For clips derived from trim specs: read spec["input"] for src, and spec["keeps"] to derive inPoint/outPoint.
The UI preview player seeks into the source file using inPoint/outPoint. It cannot play a JSON spec.
Multi-keep specs expand into multiple clip items, each with their own inPoint/outPoint.
Use a materialized (encoded) file as src ONLY if the workflow explicitly includes a materialize_cut step — otherwise always use the original source file.

Workflows

Read the assigned workflow from workflows/{name}.json (filesystem only — not served via API).

Available workflows:

  • clean_cut — silence trim, remove non-speech, transcribe, select takes, remove fillers
  • overlays — clean_cut + transcribe + overlays
  • short_captions — clean_cut + transcribe + caption + overlays + resize 9:16
  • animations — no source footage; build entirely from animated JSX sections
  • explainer — footage clips + animation sections combined
  • floating_head — trim + materialize + RVM background removal; presenter in tracks[1], background asset in tracks[0]

Deviation Rules
You should deviate only under one conditions:
When the prompt or user intent deviates from the selected workflow:**

  • "no captions" → skip caption
  • "keep it raw" → skip rm_fillers, waveform_trim
  • "YouTube format" → resize 16:9

If in doubt, ask your human.

Project JSON

States: pendingdraft (agent done) → final (human approved)

Structure:

{
  "version": "0.2", "id": "<uuid>", "status": "pending",
  "workflow": "overlays", "editingPrompt": "...",
  "settings": {"resolution": [1080, 1920], "fps": 30},
  "tracks": [[{"id": "clip-0", "type": "video", "src": "/abs/path/clip.mp4", "start": 0.0, "end": 0.0}]],
  "assets": [], "audio": {}
}

Assets — image files (logos, watermarks).

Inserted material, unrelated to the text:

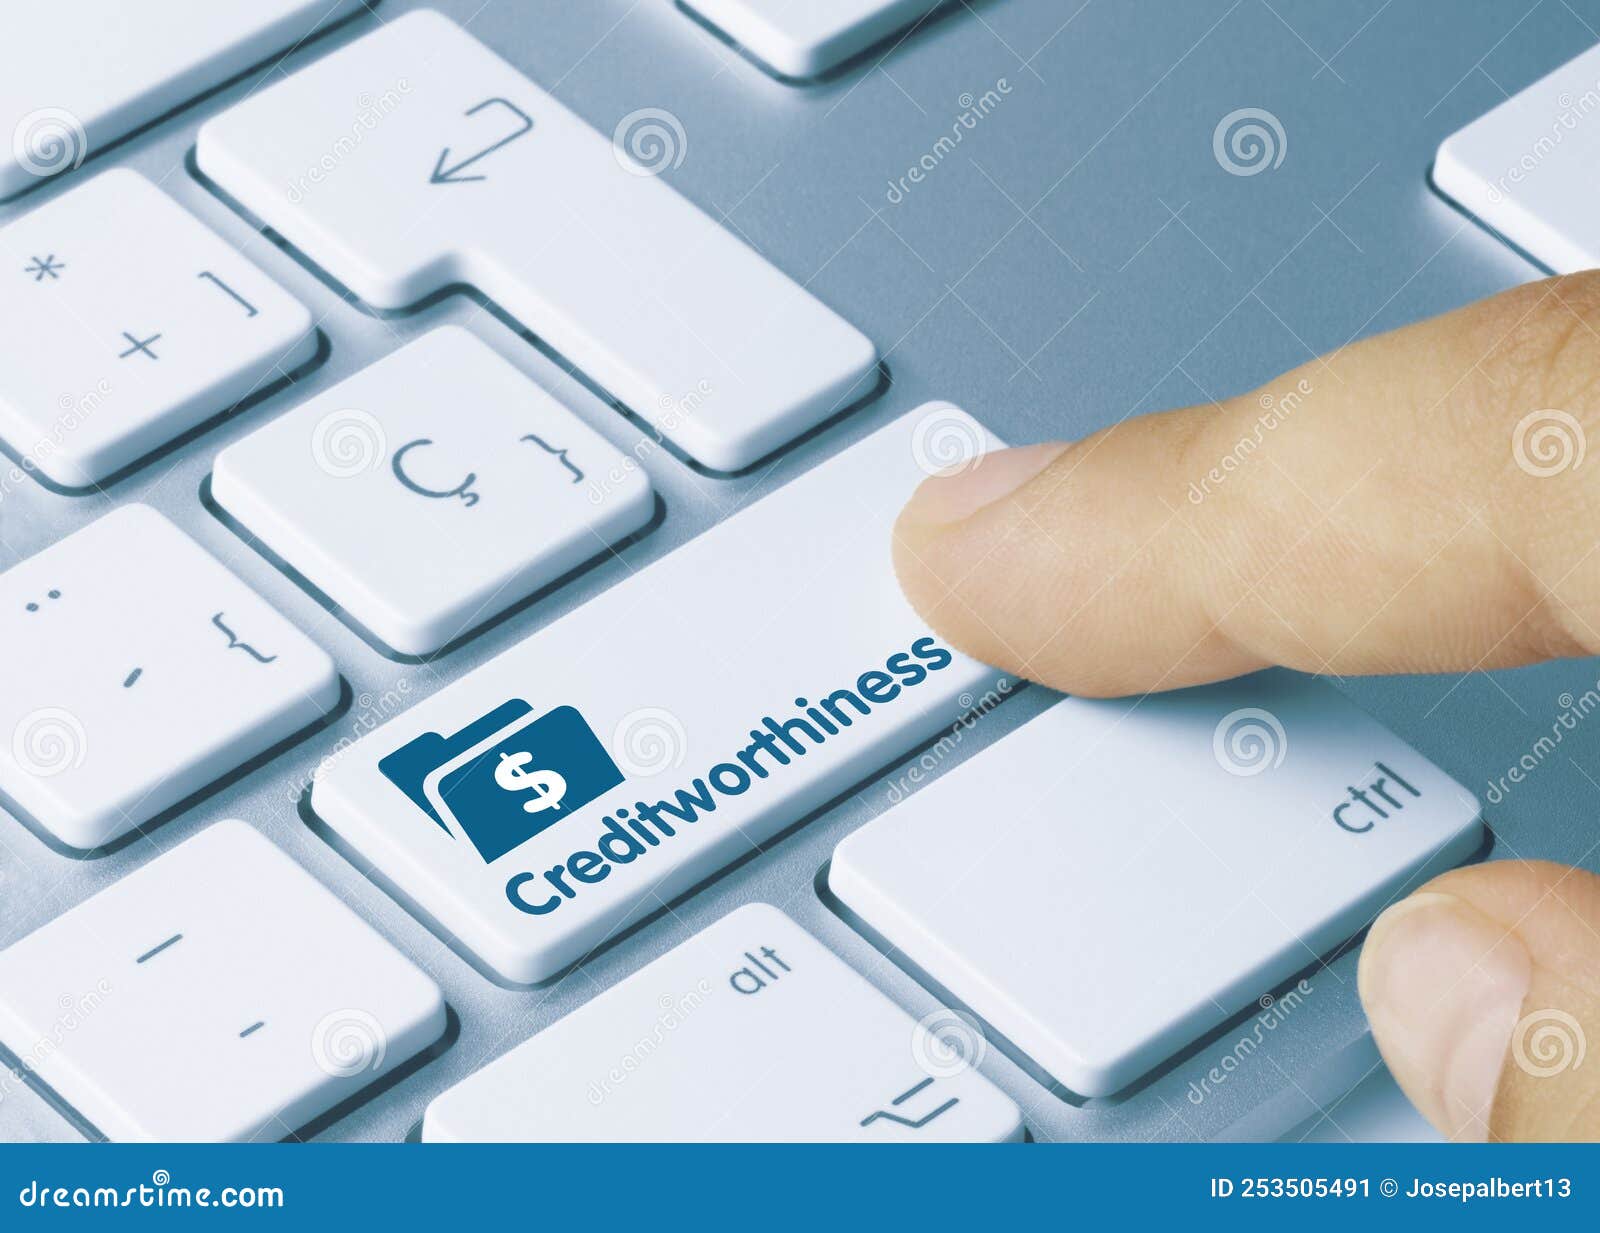 creditworthiness - inscription on blue keyboard key
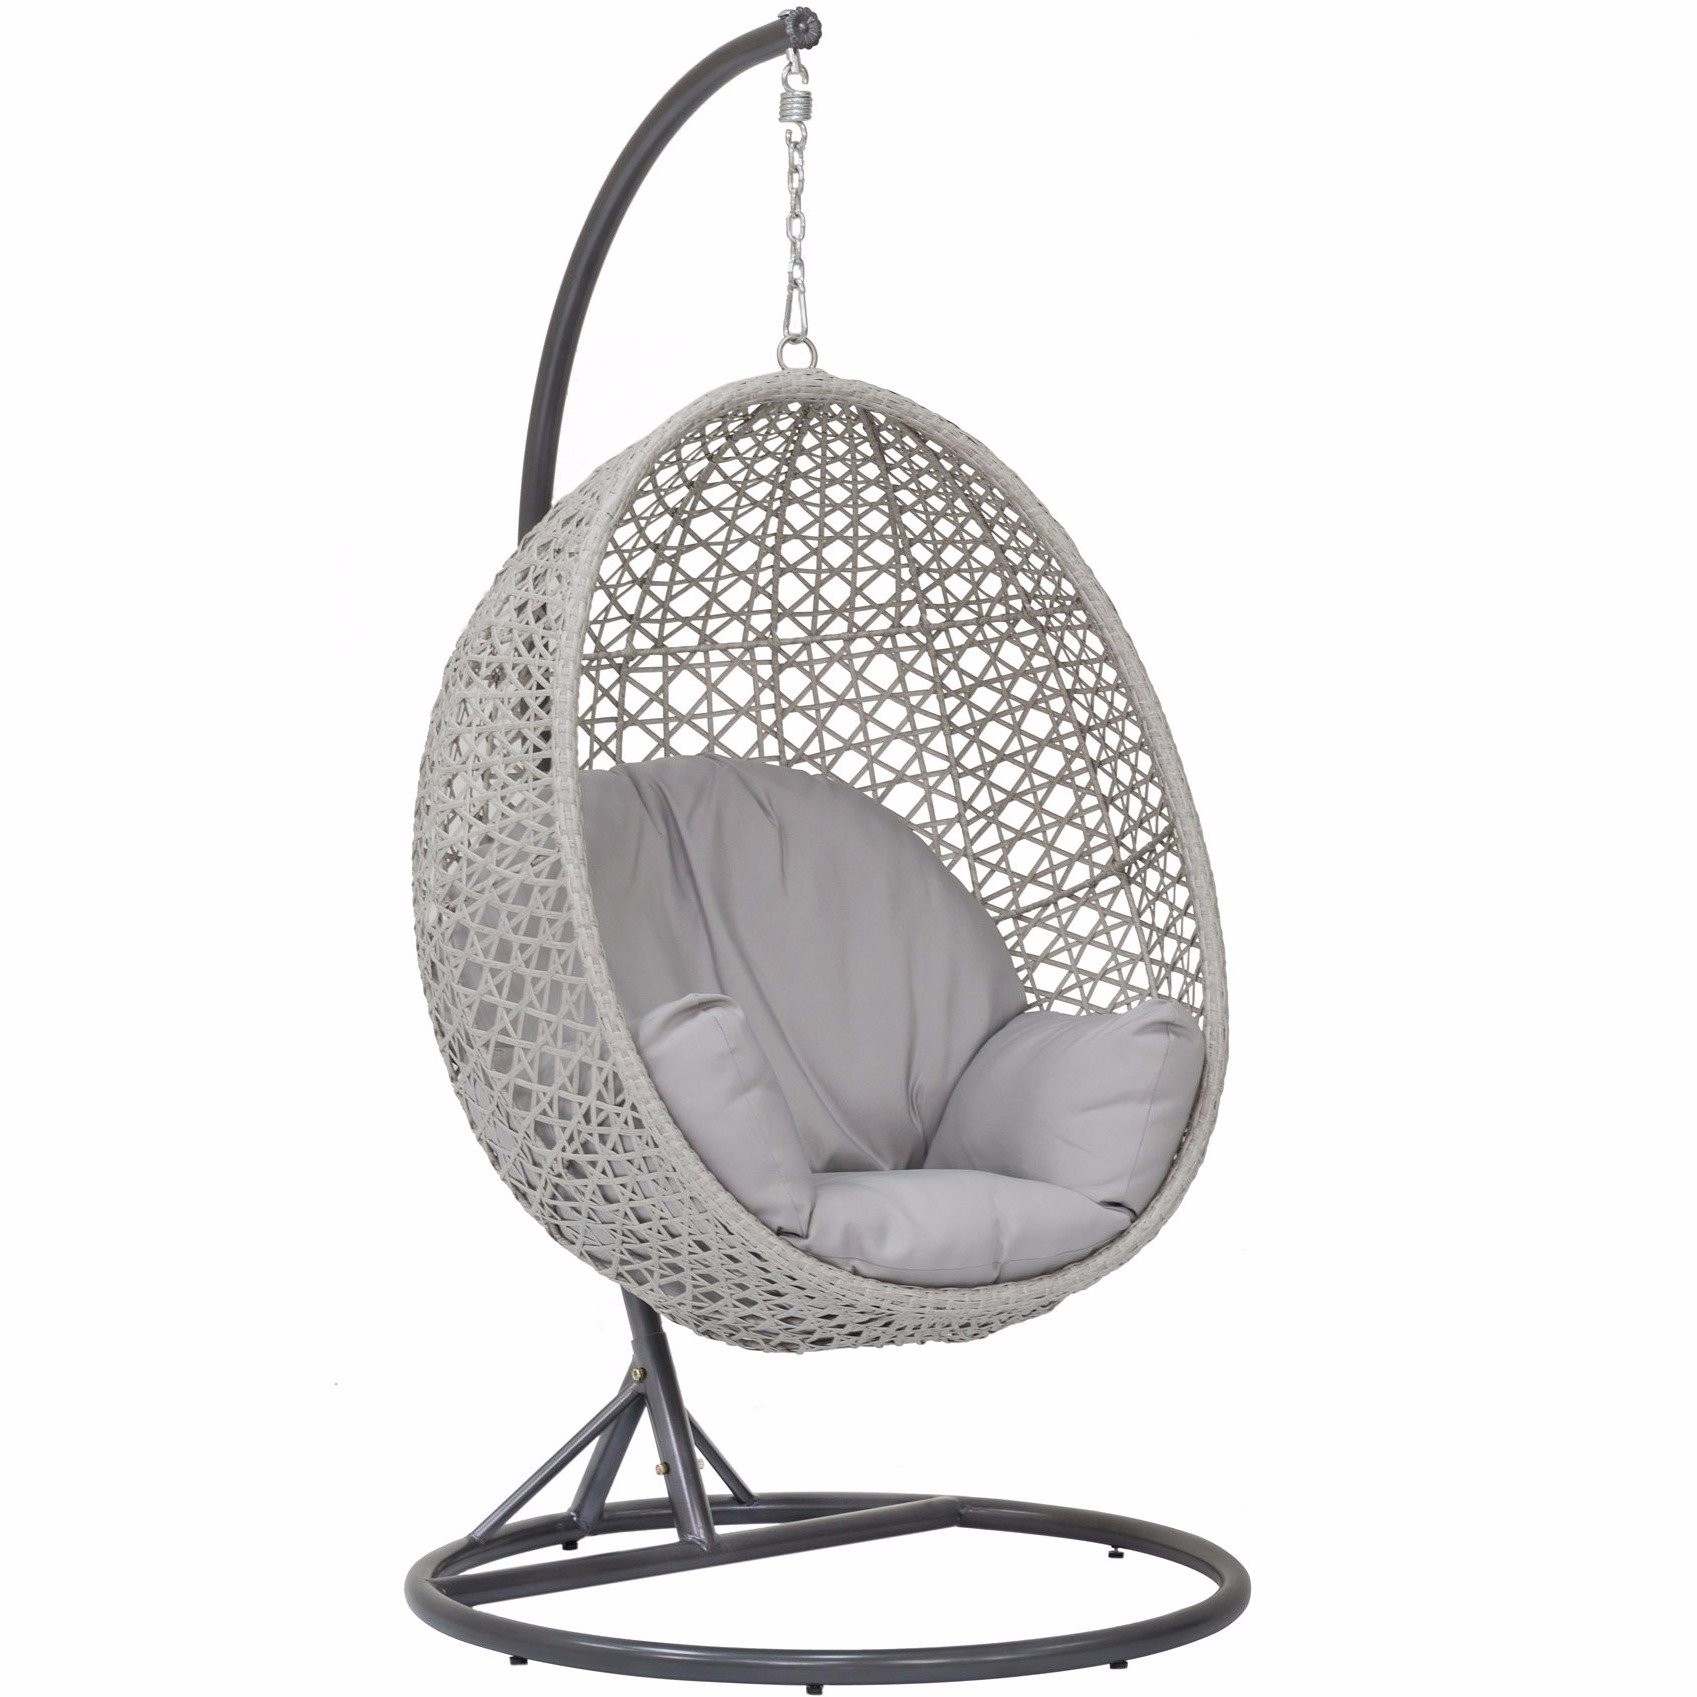 Rattan POD Hanging Egg Swing Chair

Each has id, absolute src, type: "image", optional name. Pass at creation: --assets logo.png (CLI) or "assets": ["/path/logo.png"] (HTTP /api/run).

Update as you work:

  • After trim/clean: update tracks[0] clip src; set inPoint/outPoint and start/end (seconds)
  • After transcribe + caption: set top-level captions: { "style": "word-by-word", "segments": [...] } — do NOT store a file pointer
  • After overlays/images/video: populate tracks[1+] — array of arrays; items have type: "overlay" (JSX), type: "image" (static image), or type: "video" (video clip with optional remove_bg: true)
  • After all steps: set status: "draft"
  • HTTP: persist via PUT /api/projects/{id} | CLI: write to project.json

HEVC clips: concat handles HEVC automatically. Never manually re-encode before editing steps.

One trim pass only. Running silence removal twice causes boundary glitches.

File Conventions

  • Project directory: {workspaceDir}/<date>-<name>/ (workspaceDir defaults to ~/Montaj, override in ~/.montaj/config.json)
  • Step outputs go next to their inputs
  • Trim spec outputs: <original>_spec.json | concat output: <original>_concat.mp4
  • Final render: output.mp4 in project directory
  • Transcripts: <clip>_transcript.json and <clip>.srt

Sub-skills

Skill Path When to load
serve skills/serve/SKILL.md HTTP mode detected — load before first API call
parallel skills/parallel/SKILL.md Multiple clips, or workflow has foreach steps
mcp skills/mcp/SKILL.md Running as MCP client
select-takes skills/select-takes/SKILL.md Executing montaj/select_takes in a workflow
overlay skills/overlay/SKILL.md Executing montaj/overlay in a workflow
write-overlay skills/write-overlay/SKILL.md Writing custom JSX overlay components
style-profile skills/style-profile/SKILL.md Creating or updating a creator style profile
workflow-builder skills/workflow-builder/SKILL.md Creating or editing workflows
lyrics-video skills/lyrics-video/SKILL.md Working on a lyrics_video workflow project

Dependencies

  • ffmpeg + ffprobe
  • whisper.cpp (with models in standard location)
  • Python 3.x
  • Node.js (render engine only)